Gj! That must of been painful to watch the last cube haha.


----------



## Iggy (Jun 22, 2015)

Really nice!


----------



## Meneghetti (Jun 22, 2015)

Great job, Shivam! Congrats!
That was a very clever way to deal with the accidentally moved cube, but I don't see how it could have done an x rotation as you stated though... possibilities were y, y', y2 or no rotations at all, right?


----------



## DGCubes (Jun 22, 2015)

Wow, VGJ!! That is so impressive, and congrats on your NR!


----------



## TheCoolMinxer (Jun 22, 2015)

Wow very nice! I should really start practising some multibld for nats tho


----------



## the super cuber (Jun 23, 2015)

Berd said:


> Gj! That must of been painful to watch the last cube haha.



yeah  thanks!



Iggy said:


> Really nice!



Thanks! 



Meneghetti said:


> Great job, Shivam! Congrats!
> That was a very clever way to deal with the accidentally moved cube, but I don't see how it could have done an x rotation as you stated though... possibilities were y, y', y2 or no rotations at all, right?
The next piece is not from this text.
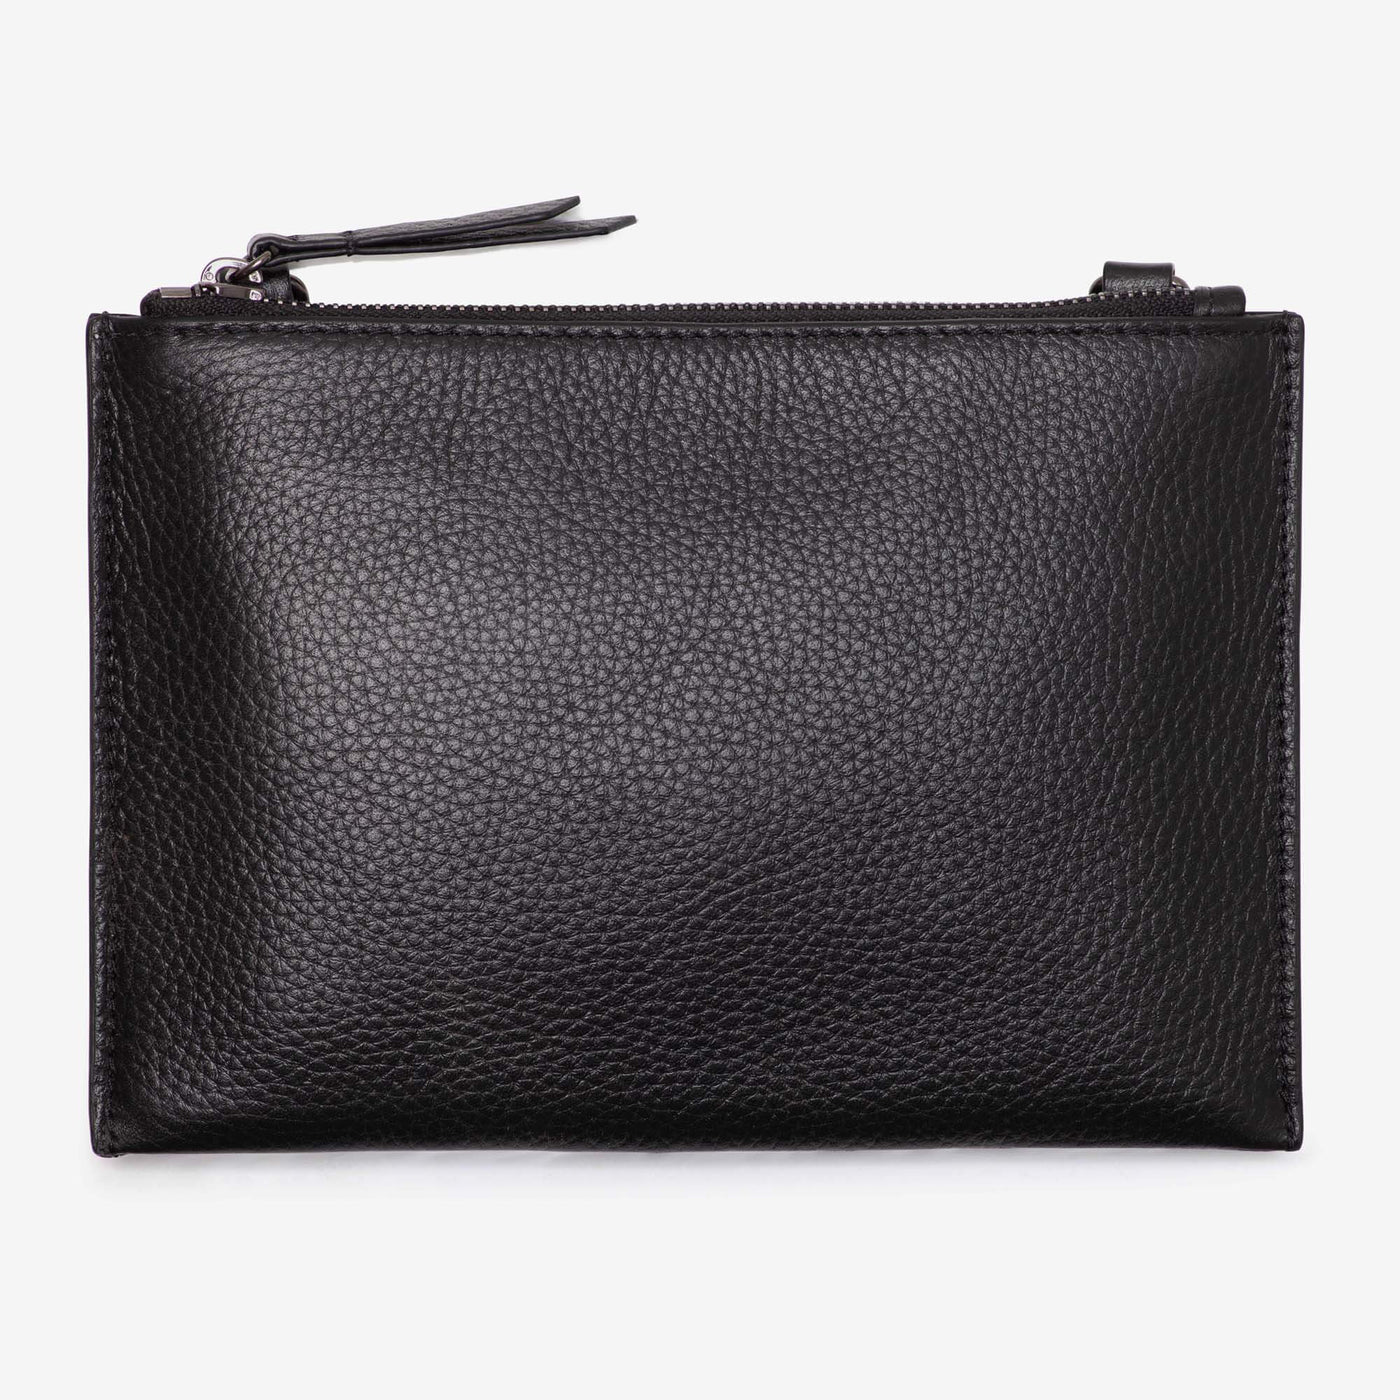 Leather Mini Clutch + Leather Key Ring/ Bag Tassel Gift Set – Black

Thanks!  while I moved the cube towards me I thought it might have hit the top of the other cube causing it to rotate towards me on the x axis (like a sideways wheel). I also heard a sound of a cube bumping the table which I thought might have been caused by the cube rotating and landing again on the table 



DGCubes said:


> Wow, VGJ!! That is so impressive, and congrats on your NR!



Thanks! 



TheCoolMinxer said:


> Wow very nice! I should really start practising some multibld for nats tho



Thanks!  and good luck!


----------



## Meneghetti (Jun 23, 2015)

the super cuber said:


> Thanks!  while I moved the cube towards me I thought it might have hit the top of the other cube causing it to rotate towards me on the x axis (like a sideways wheel). I also heard a sound of a cube bumping the table which I thought might have been caused by the cube rotating and landing again on the table



Oh I see, that makes sense! The y rotation looks obvious when we watch the video, but now I understand how hard it was for you at that point to figure it out  Solving it like you did was definitely the best decision you could make.


----------



## the super cuber (Jun 24, 2015)

Meneghetti said:


> Oh I see, that makes sense! The y rotation looks obvious when we watch the video, but now I understand how hard it was for you at that point to figure it out  Solving it like you did was definitely the best decision you could make.



Thanks!


----------



## abunickabhi (Oct 17, 2020)

Congrats a big journey in MBLD. Super proud to witness some attempts live at competitions. Getting to 48 points and beyond Maskow was unimaginable at one point. Now, so much progress has been made in good algs and good fingertricks.

MBLD requires a lot of focus. MBLD mo3 should be recognized officially sometime soon. Someone should recommend it to the WRC.


----------